Nuts and Bolts Linux Containers Lead image: Lead Image © designpics, 123RF.com

LXC 1.0

Lean and Quick

LXC 1.0, released in early 2014, was the first stable version for managing Linux containers. We check out the lightweight container solution to see whether it is now ready for production. By Christoph Mitasch

Linux containers have been fully functional since kernel 2.6.29. However, Linux has had containers in the form of Virtuozzo [1] and OpenVZ [2] for some time. The difference is that the Linux kernel now has all the necessary components for operating containers and no longer requires patches. Kernel namespaces isolate containers from each other and CGroups limits resources and takes care of priorities.

Solid Foundation

A first stable version of the LXC [3] userspace tool has been used to manage containers since February 2014. Ubuntu 14.04 has LXC 1.0 on board, which the developers recommend and will provide support for until April 2019 (Figure 1). If you want to install LXC in Ubuntu Trusty Tahr, you are best off using the v14.04.1 [4] server images. Kernel 3.13 (used here) has five years of LTS support; this doesn't apply to the kernels of newer LTS updates. You can get the LXC tools after installation by entering:

apt-get install lxc

The packages (among other things) listed in Table 1 will land on your computer.

Figure 1: The container is being managed here with the help of LXC Web Panel [5].

Tabelle 1: LXC Packages

Package Name	Purpose
`bridge-utils`	Generates the virtual network device (`veth`).
`cgmanager`	Enables the management of CGroups via a D-Bus interface.
`debootstrap`	Helps install Debian-based containers.
`dnsmasq-base`	Enables a minimum out-of-the-box NAT network for containers (`lxcbr0`).
`liblxc1`	The new LXC API.
`lxc-templates`	Templates that create simple containers.

First Container

After a successful installation, you can create the first container with a simple command:

lxc-create -t ubuntu -n ubuntu_test

Don't forget to obtain root privileges first, which you will need to execute most of the commands featured in this article. If you then call lxc-create for the first time for a particular distribution, the host system needs to download the required packages. It caches them in /var/cache/lxc/. If you enter the lxc-create command again, the system will create a container within a couple of seconds. If you type

lxc-create -t ubuntu -h

LXC shows you template-specific options. You can, for example, select the Debian or Ubuntu release or a special mirror using these options. The following call creates a container with Debian Wheezy as the basic framework:

lxc-create -t debian -n debian_test -- -r wheezy

By default, Ubuntu as the host system stores containers directly in the existing filesystem under /var/lib/lxc/<Container-Name>. At least one file called config and a directory named rootfs are waiting in the container subdirectory. Many distributions will also have the fstab file, which manages container mountpoints.

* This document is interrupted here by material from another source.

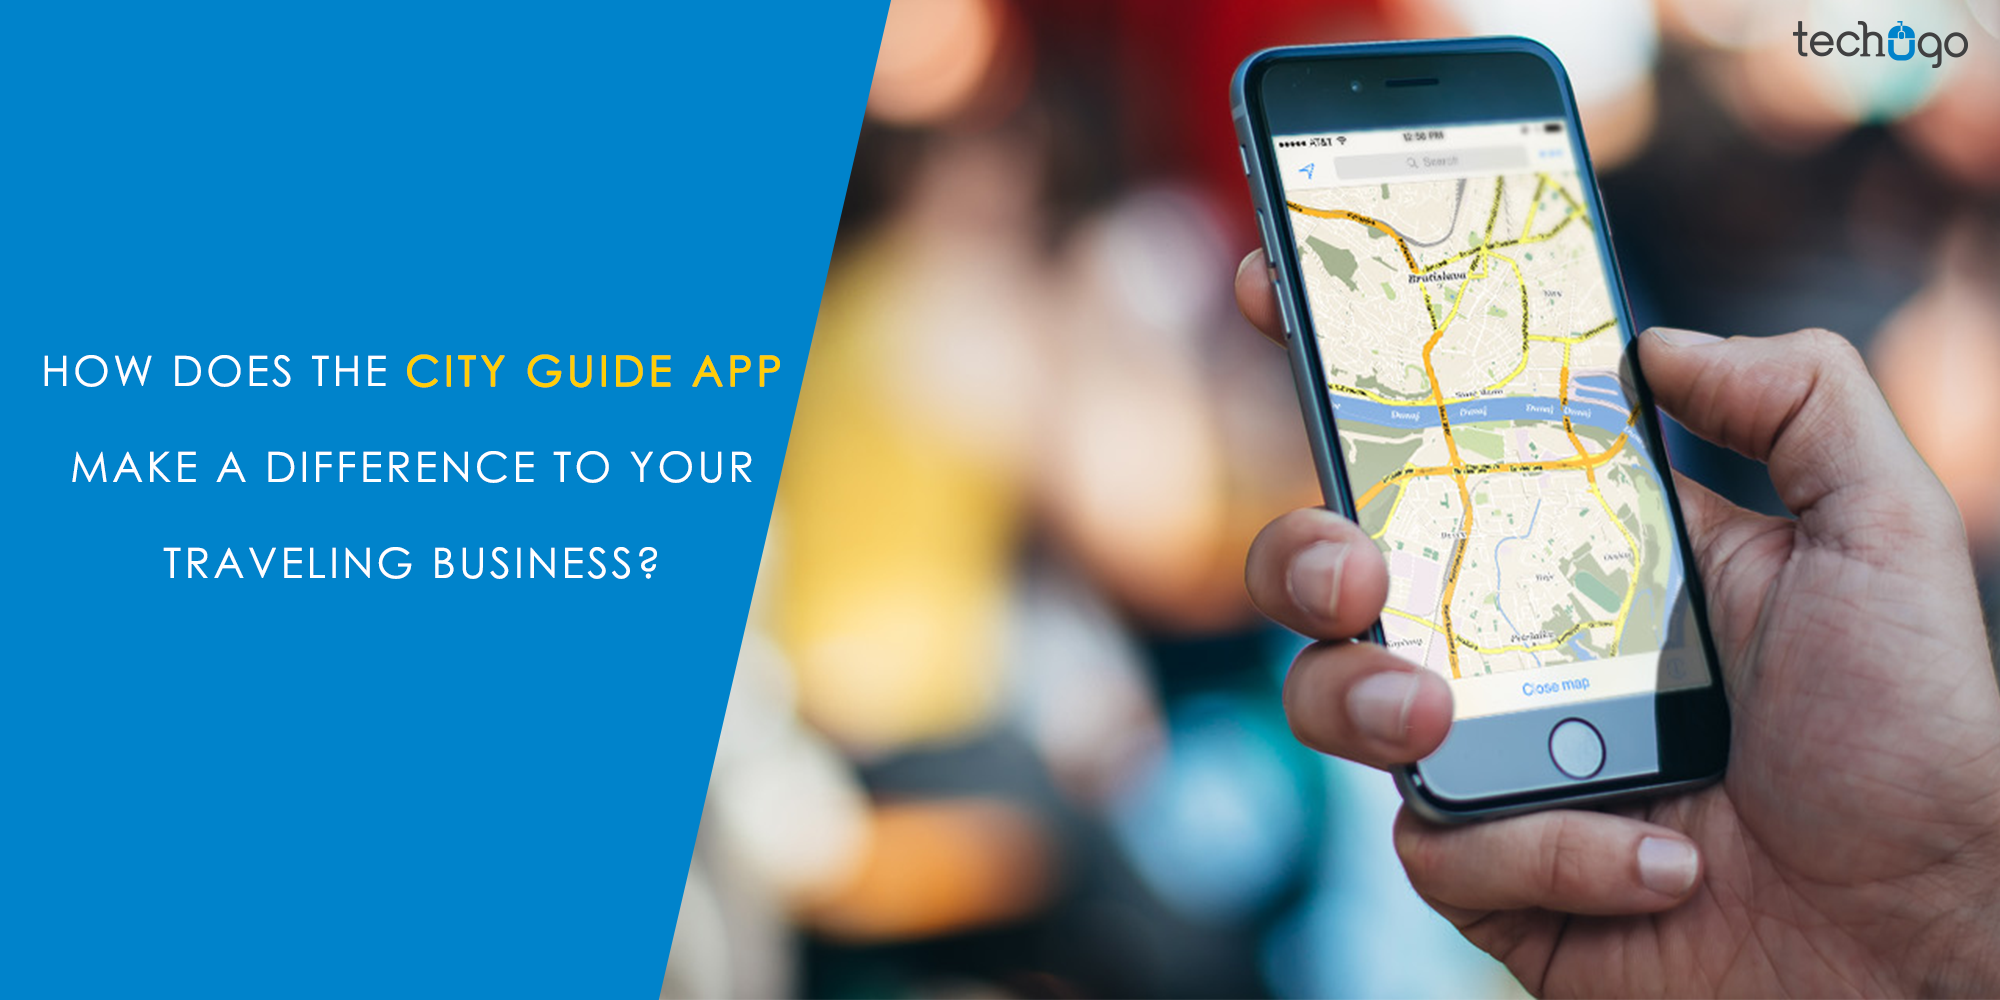 How Does The City Guide App Make A Difference To Your Traveling Business?

LXC 1.0 configures the container with the help of the config file. Container management also allows the use of includes in the configuration (via lxc.include), which makes it possible to have a very minimalist default configuration for containers (Figure 2).

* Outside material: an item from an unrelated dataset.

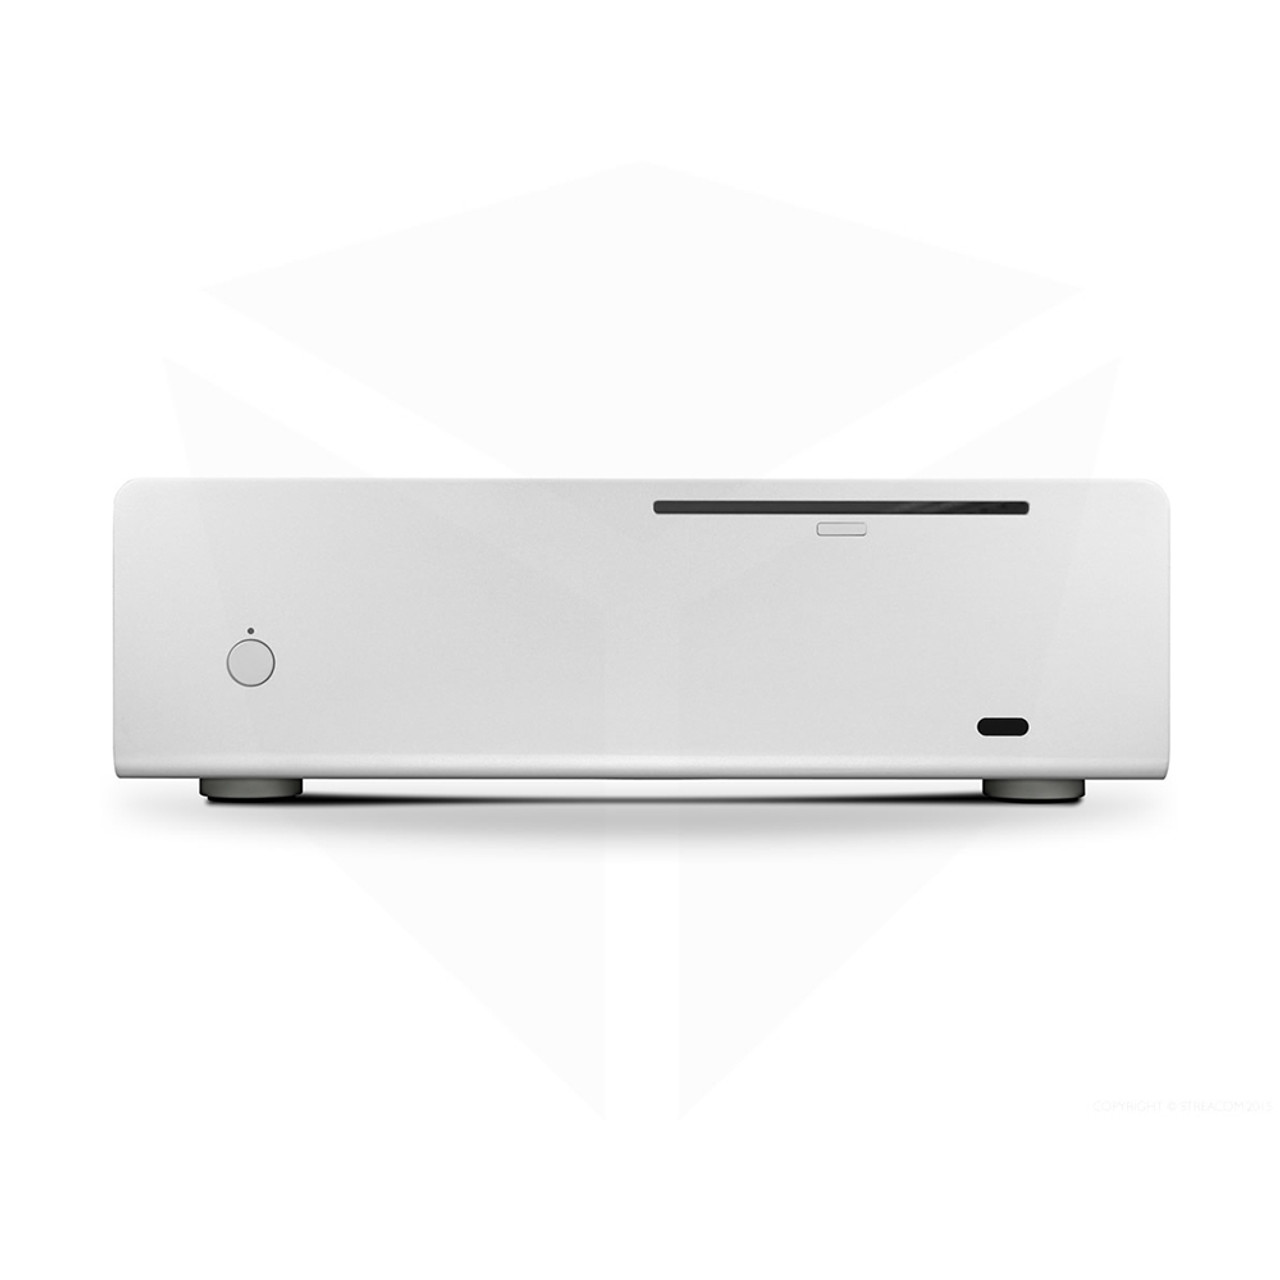 Streacom ST-FC9S ALPHA OPT FC9 ALPHA Fanless Chassis Silver, Extruded Aluminium, with Optical slot

Figure 2: The default configuration for an Ubuntu container.

If the container is on the disk, the host system will tell you what the default login is for Ubuntu (user: ubuntu, password: ubuntu) or Debian (user: root, password: root).

You can then activate the container using the following command, where the -d option ensures that it starts in the background:

lxc-start -n debian_test -d

Similarly, the lxc-stop command stops the container again. LXC usually sends a SIGPWR signal to the init process, which shuts down the container cleanly. You can force the shutdown using the -k option.

Containers usually start within a few seconds because they don't need a custom kernel. Using the first command below takes you to the login prompt, whereas the second command takes you directly to the console without a password prompt:

lxc-console -n debian_test
lxc-attach -n debian_test

The command shown in Listing 1 provides a decent overview of the available containers.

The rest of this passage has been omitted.